5 thoughts on “How Do I Pick Up Where I Left Off?

  1. I can deeply relate. I was a physical therapist before my health forced me out of work. Now I know there is no way to go back into the profession I worked so hard to join!! I am also in my late 20’s and have the same feelings about dating and relationships. I’m so afraid of being rejected by every guy I am into I pretty much don’t even try any more, which I know I should. But honestly, my life still revolves around my health. It’s getting less and less intense with the medical issues, but like you said, a flare could be hiding around any corner. I wish you luck, and know someone else is in the same situation as you are!
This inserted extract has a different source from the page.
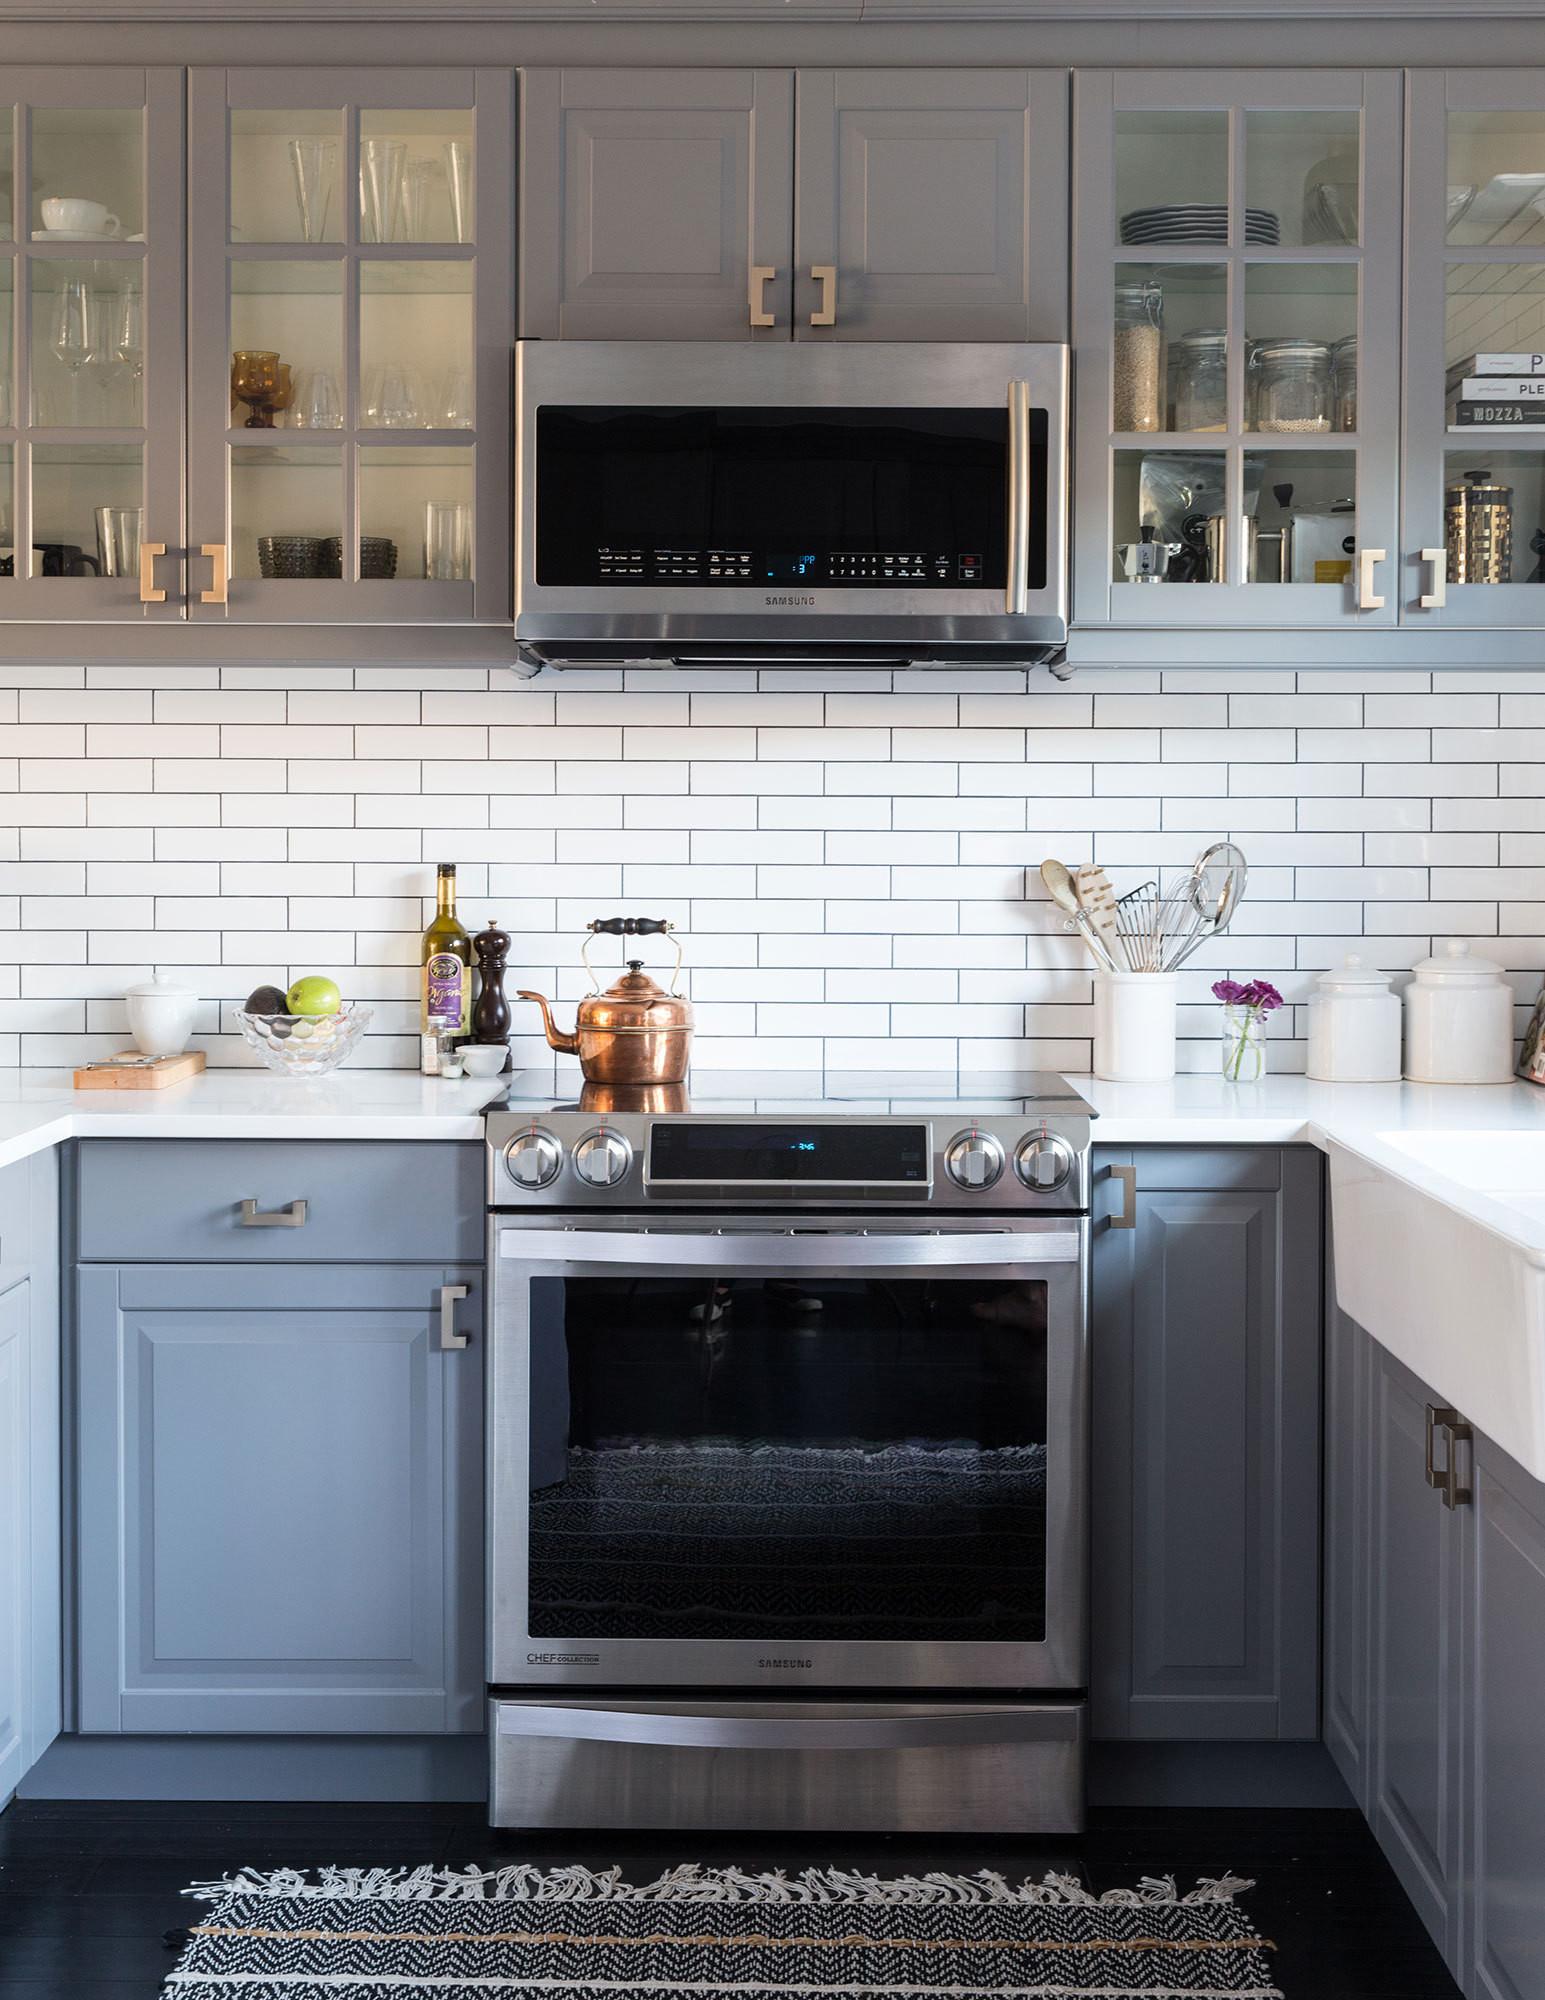 CAITLIN MCCARTHY HANDCOCK PARK Kitchen 2.jpg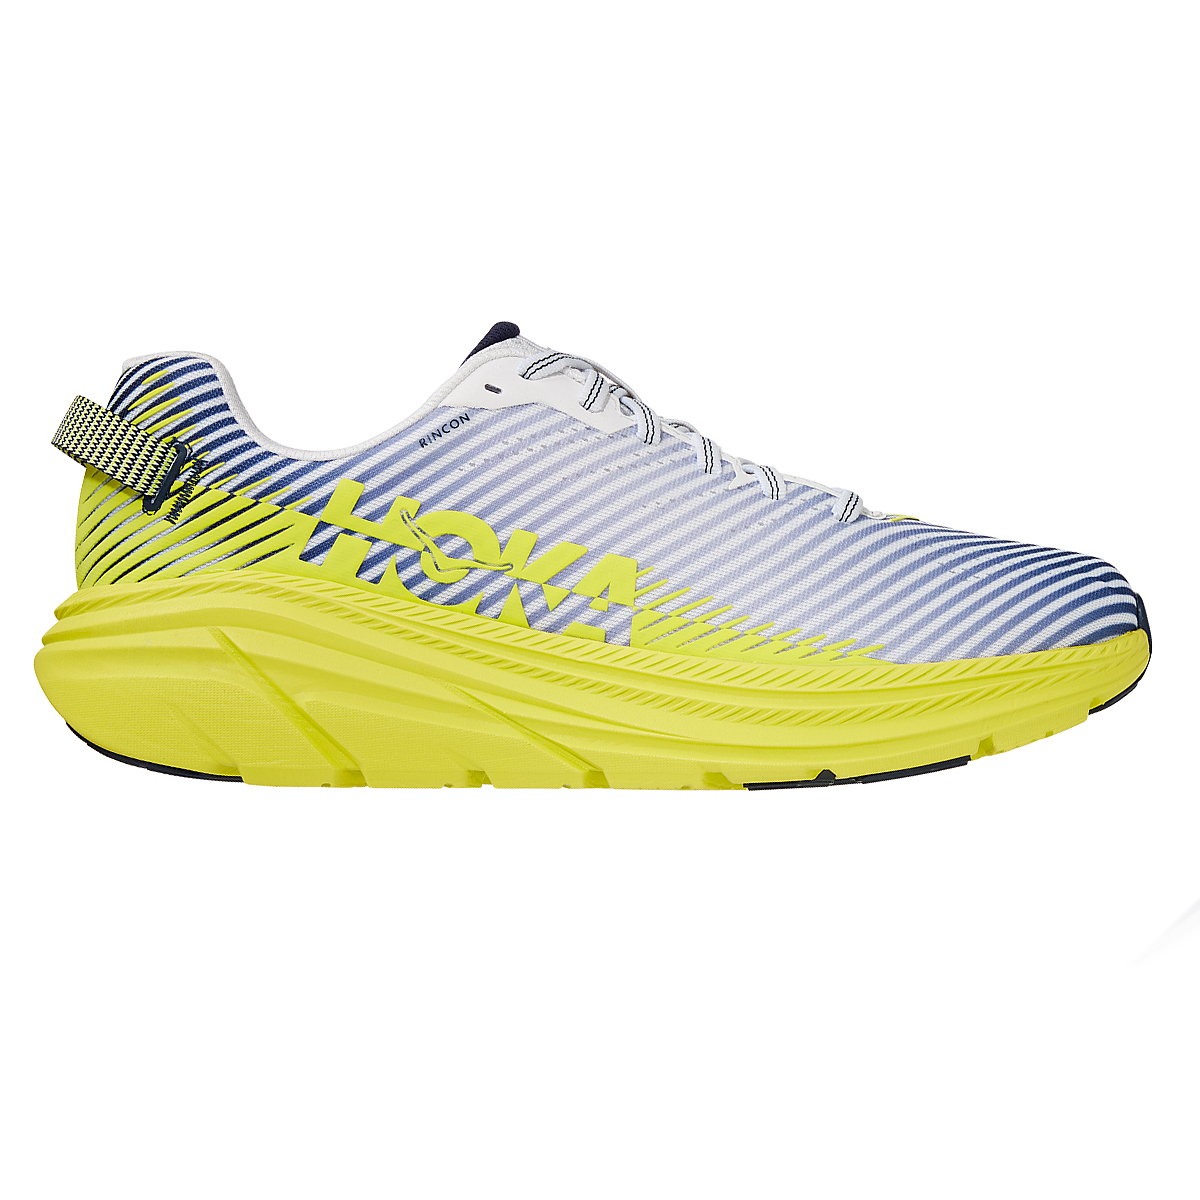 Men's Hoka One One Rincon 2 Running Shoe - Color: White/Yellow - Size: 7 - Width: Regular, White/Yellow, large, image 1

    • Thanks for responding. Sorry we share the same boat, but WELCOME ABOARD! 😀 Mind if I asked how you found this post/blog? Knowing a flare could come at literally any moment does one good thing for me – it makes me grateful for those non-flare days and even those non-flare minutes. It’s hard to take them for granted because we never know how long they will last. I hope for you that someday soon your life (and mine) can seem to not revolve around our physical health so much.

      • I started reading it in a link from a post on my blog. I’ve been following other medical posts as I just had major surgery and wordpress suggested to look at ur blog and I related to it.

  2. i think we don’t pick up where we left off. we have to start at another starting line and see where it takes us. and maybe the path will lead to somewhere we have not thought about for ourselves. ❤

    • I like that, Patricia. Never thought of that on my own. You’ve given me something to really pray about. Thanks for your friendship, by the way. I appreciate your posts on FB.